Nigerian actor (born 1990)

Temitope Christopher Tedela (born 5 June 1990) is a Nigerian actor and producer.
He has received several awards for his work including Africa Magic Viewers' Choice Award, Nigeria Entertainment Award, Best of Nollywood Award and Nollywood Movies Award.

His body of work includes Baby Farm (2025), All the Colours of the World Are Between Black and White (2023), Blood Sisters (2022), Country Hard (2021), The Lost Okoroshi (2019), What Lies Within (2017), Slow Country (2017), Ojukokoro (2017), Suru L'ere (2016), A Soldier's Story (2015) and A Mile from Home which earned him several accolades.

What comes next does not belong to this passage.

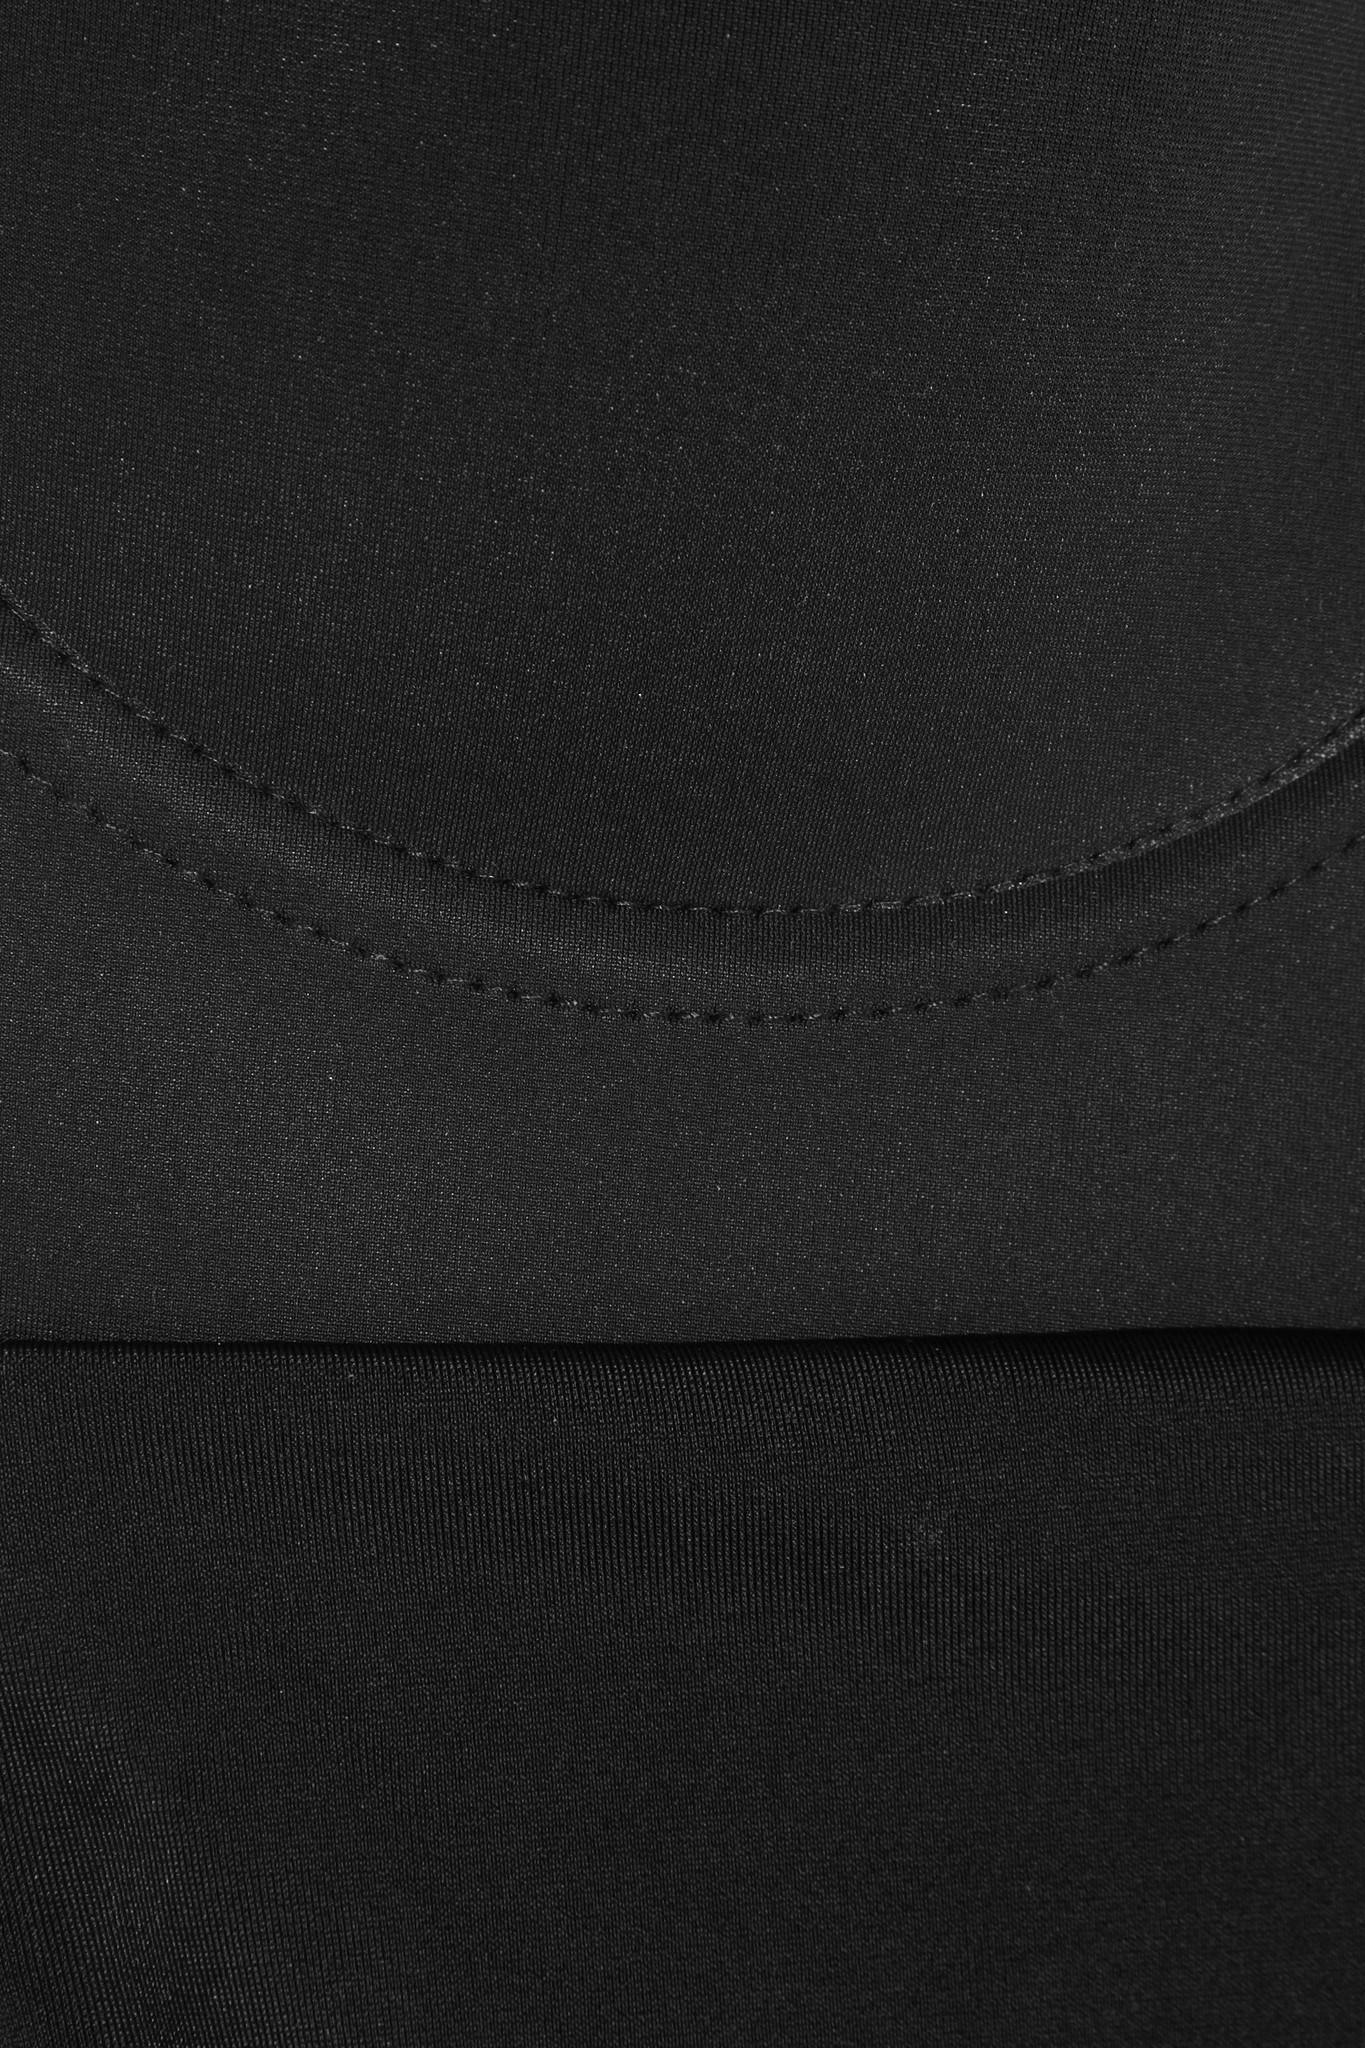 61988b1627 Fashion Forms - Black U-plunge Self-adhesive Backless Thong Bodysuit -  Lyst. View fullscreen

==Early life and education==
Temitope Christopher Tedela, the first of four children, was born in Lagos, Nigeria on 5 June 1990. He is of descent from Ekiti State. He attended Lagos State Model College, Meiran, Lagos for his secondary education and earned a degree in Mass Communication from the University of Lagos.

==Career==
While studying at the University of Lagos, Tedela was cast in his screen debut as Julian in the family TV Series Edge of Paradise. He stopped acting for a while to concentrate on his studies; while in school and shortly after graduation, Tedela worked as an on-air personality at UNILAG FM. He made a return to star as Lala in his first leading role in the feature film A Mile from Home, gaining prominence through the role. At one time, Tedela was a news anchor at the NTA. He acted in several notable stage performances.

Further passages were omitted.